> On Dec. 27, 2016, 4:19 p.m., Stephan Erb wrote:
> > api/src/main/thrift/org/apache/aurora/gen/storage.thrift, lines 156-157
> > <https://reviews.apache.org/r/54883/diff/2/?file=1591086#file1591086line156>
> >
> >     Is it somehow necessary to use a serialized position here?

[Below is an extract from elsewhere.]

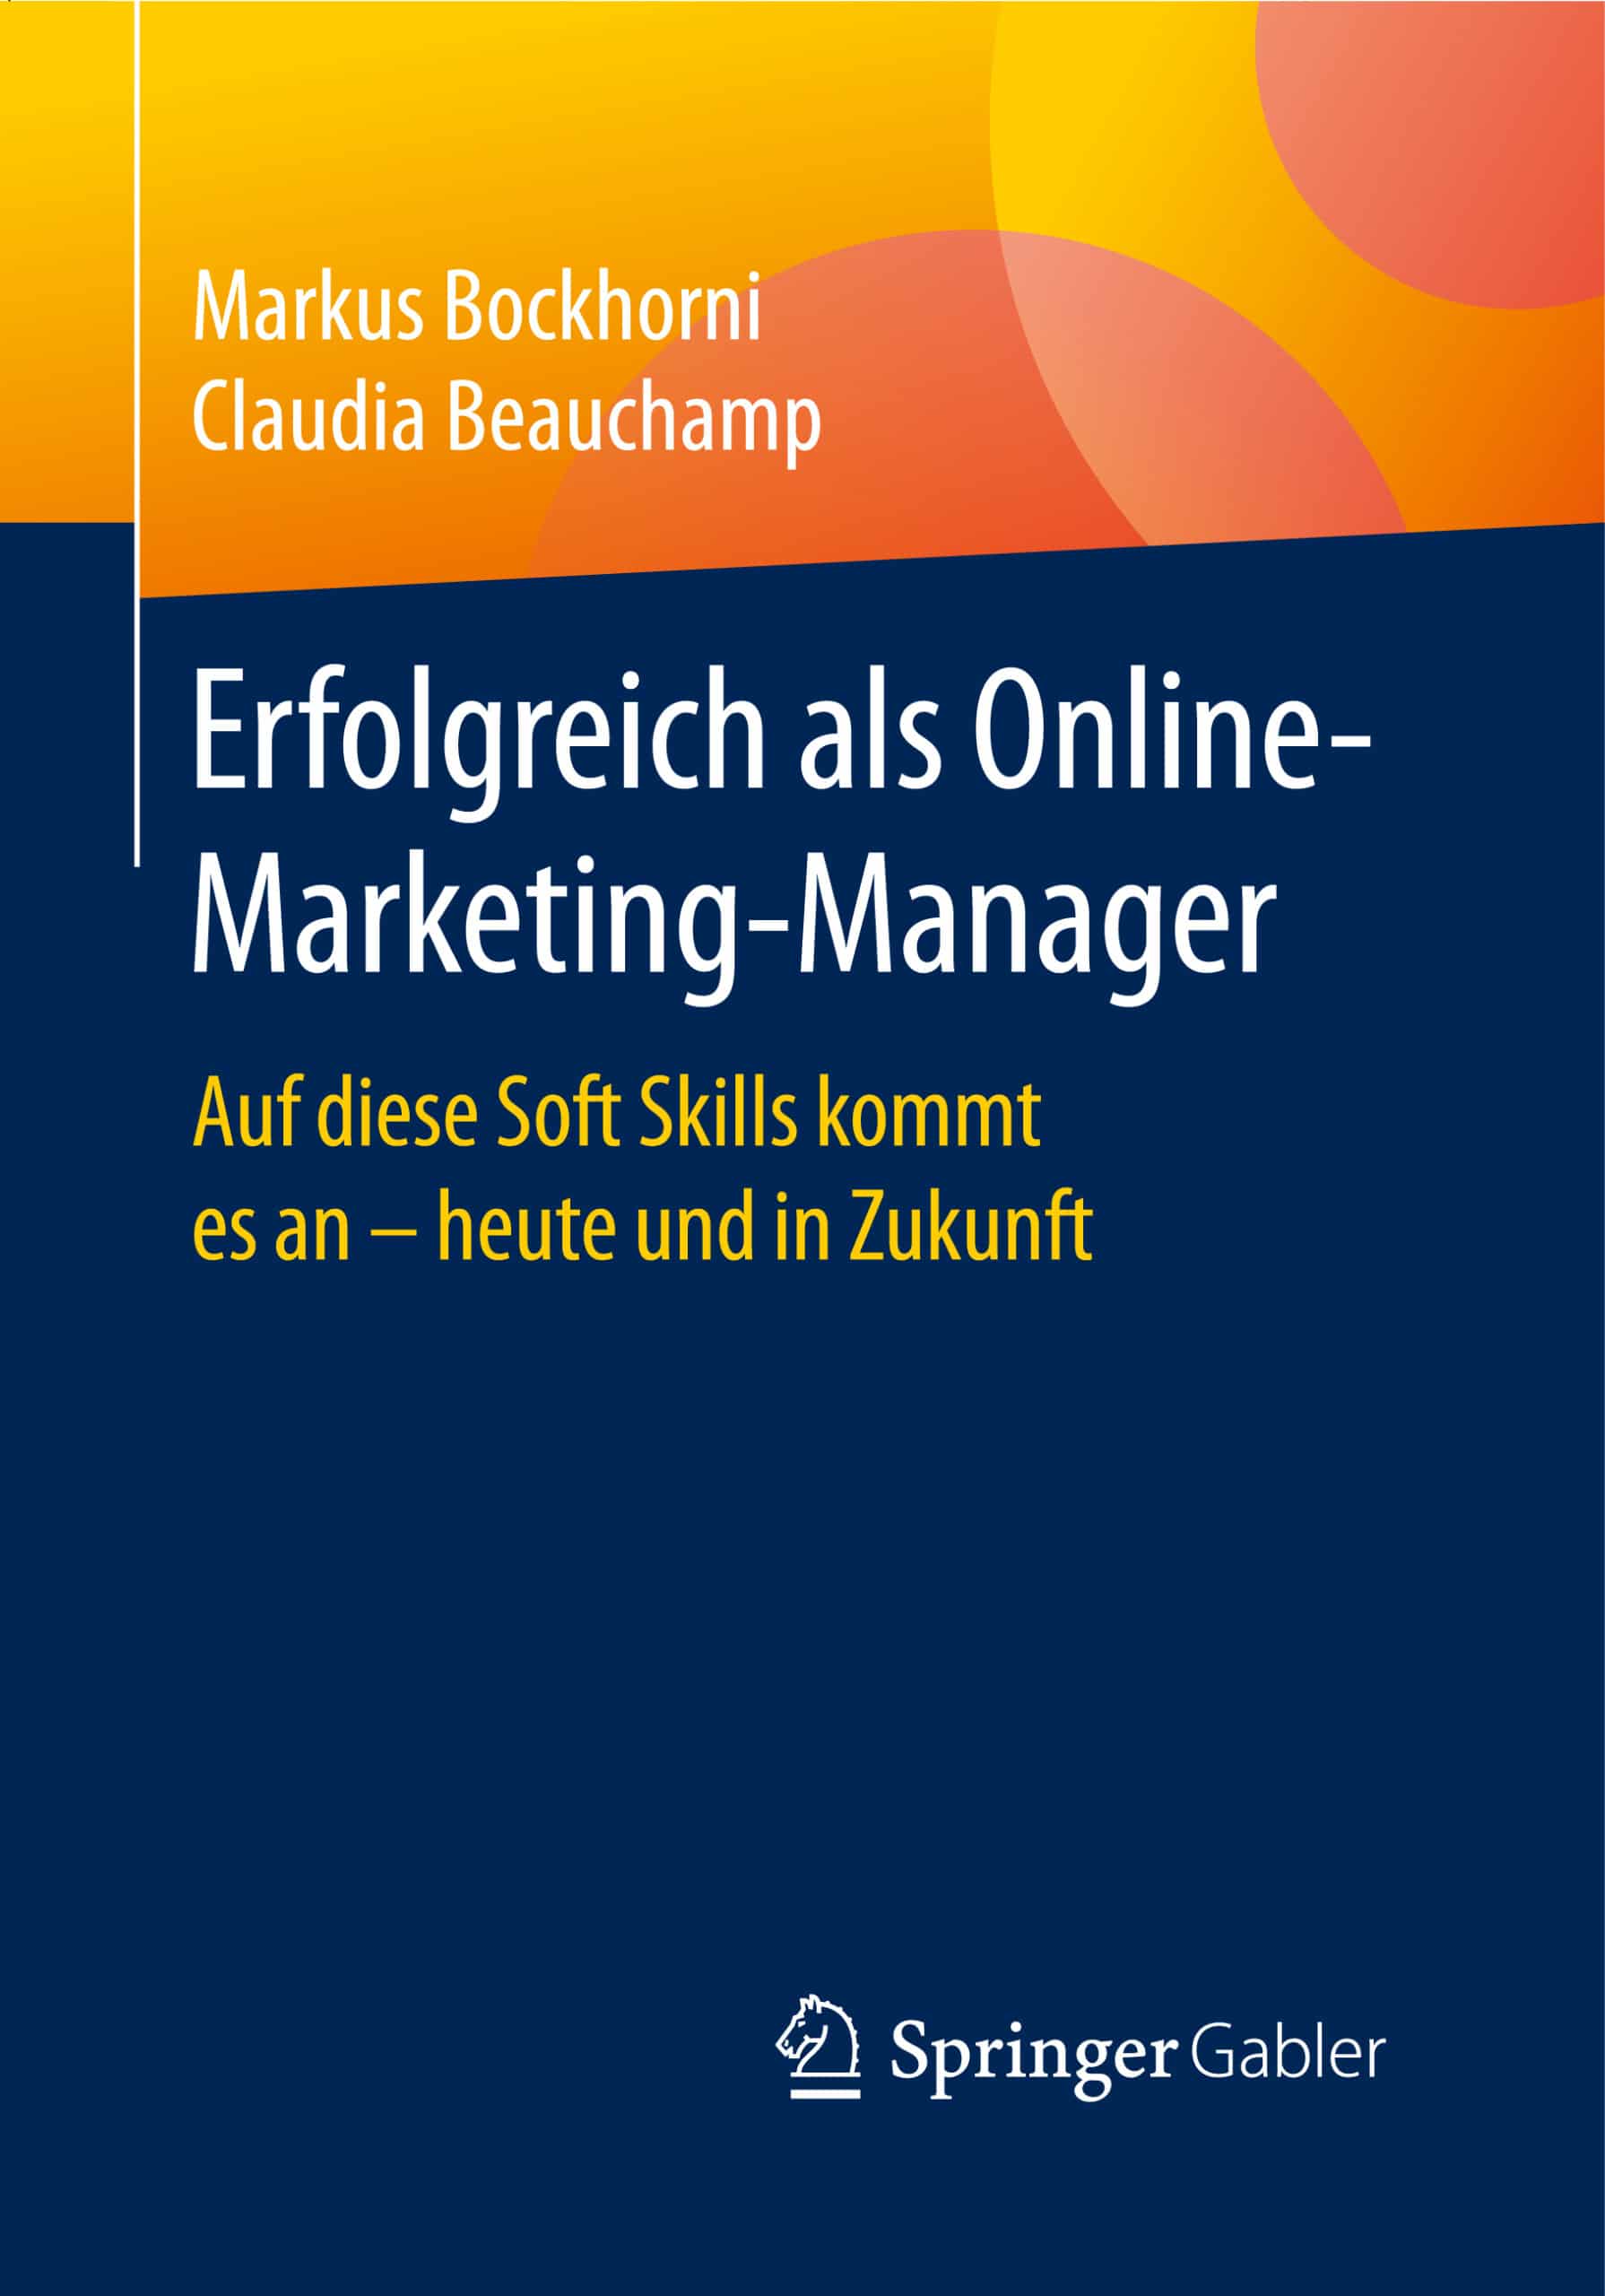 Erfolgreich als Online-Marketing-Manager, Markus Bockhorni, Claudia Beauchamp

I have the 
> > gut feeling that a plain long would probably be better as it reduces 
> > coupling to replicated log interna.

Actually, this way reduces coupling to the Mesos log. After all, it's an 
implementation detail of the Mesos replicated log that it uses longs for 
ordering. In other implementations of distributed logs you might need a tuple 
as the id - e.g. with BookKeeper, you have a ledger id and sequence id.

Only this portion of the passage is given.